▶ [Input data]:
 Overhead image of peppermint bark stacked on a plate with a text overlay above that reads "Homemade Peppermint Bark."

==

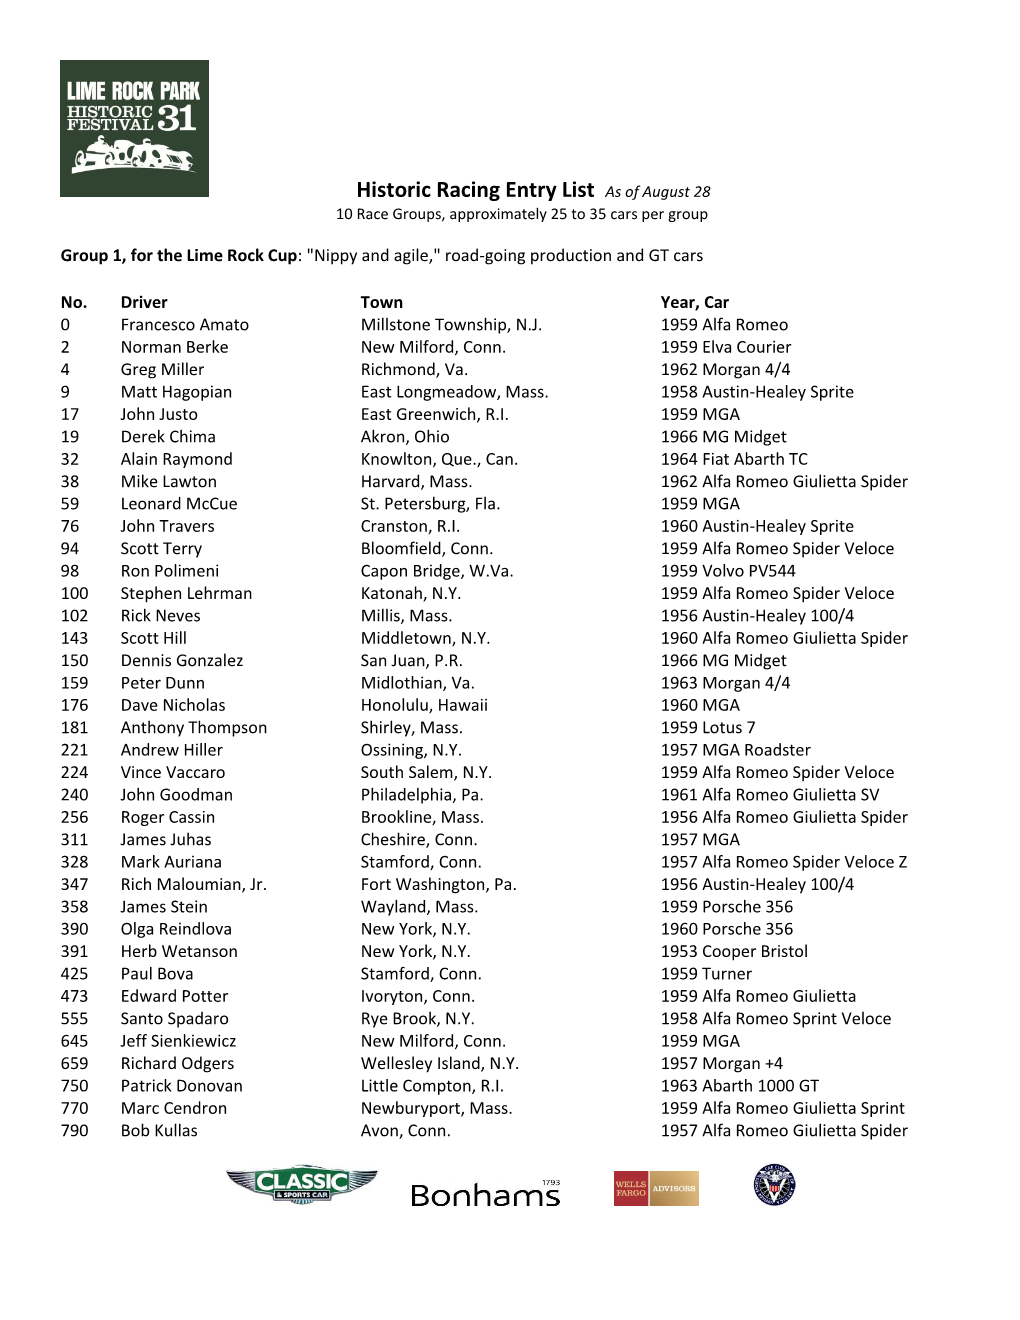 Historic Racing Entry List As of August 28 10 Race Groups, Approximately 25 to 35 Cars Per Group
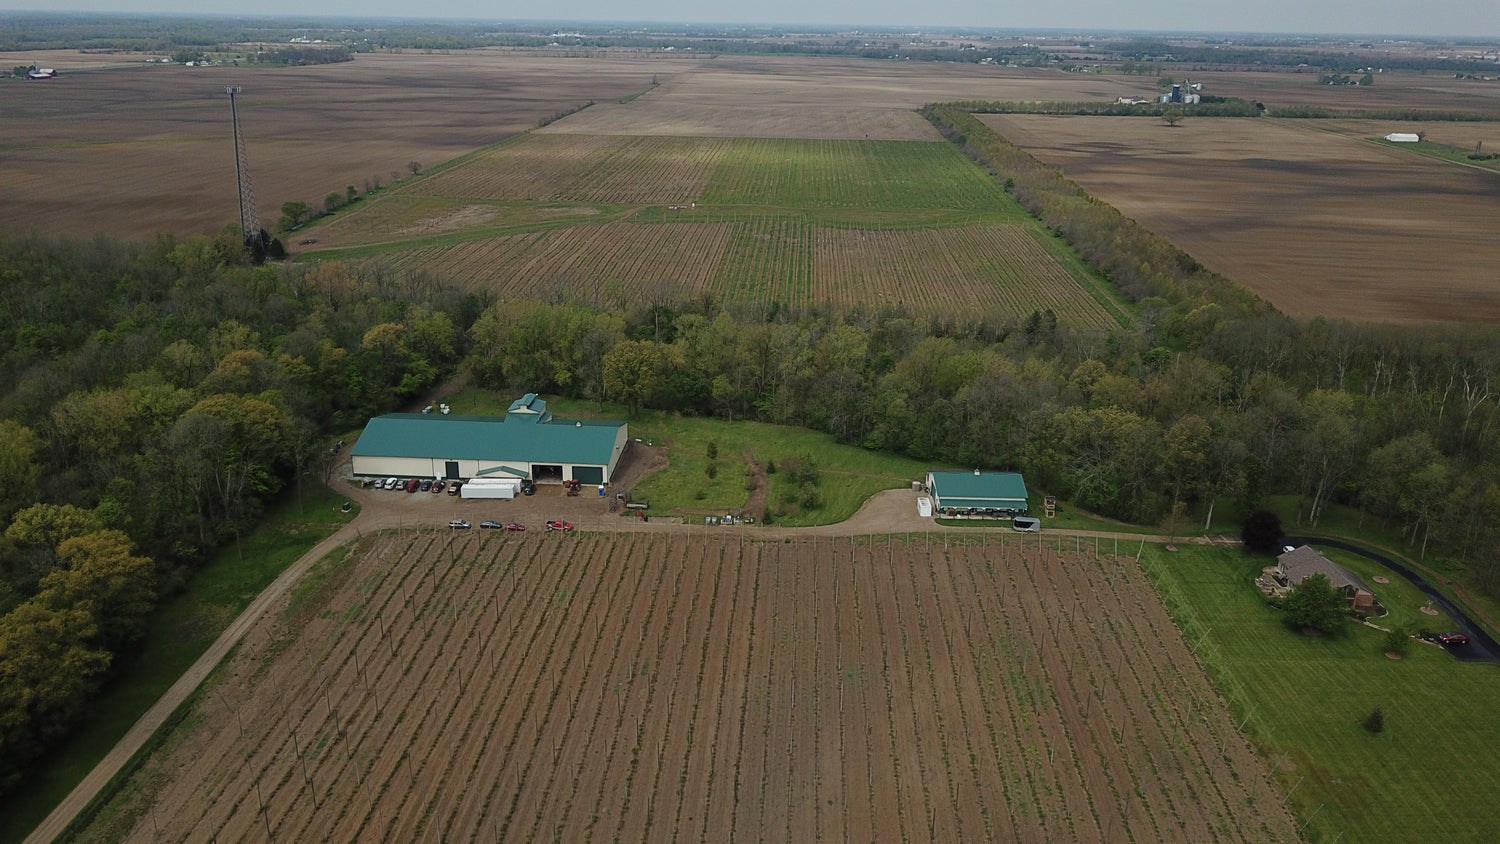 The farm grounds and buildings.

--

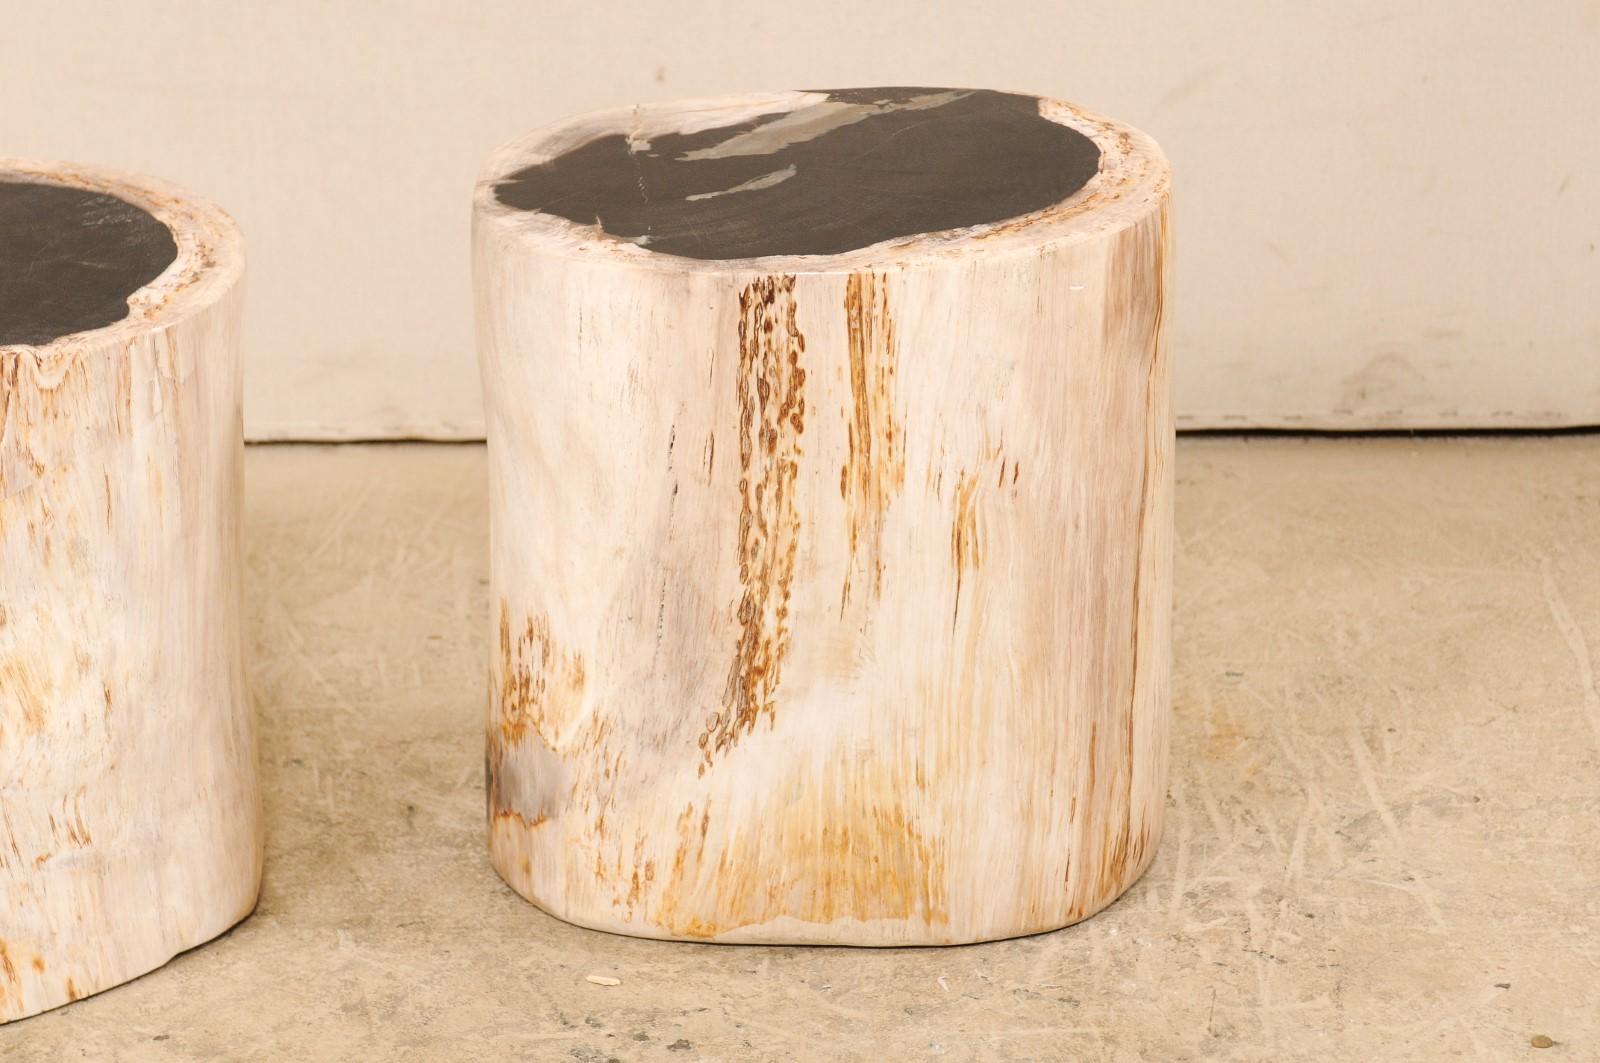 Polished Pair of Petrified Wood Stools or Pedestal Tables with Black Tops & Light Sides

▶ [Task item]:
Pictures excluded, reproduce only the part above that opens with the line holding "Historic Racing Entry" and closes with the line holding "The farm grounds and buildings.", exactly as written.

▶ [Reply]:
 Historic Racing Entry List As of August 28 10 Race Groups, Approximately 25 to 35 Cars Per Group
 The farm grounds and buildings.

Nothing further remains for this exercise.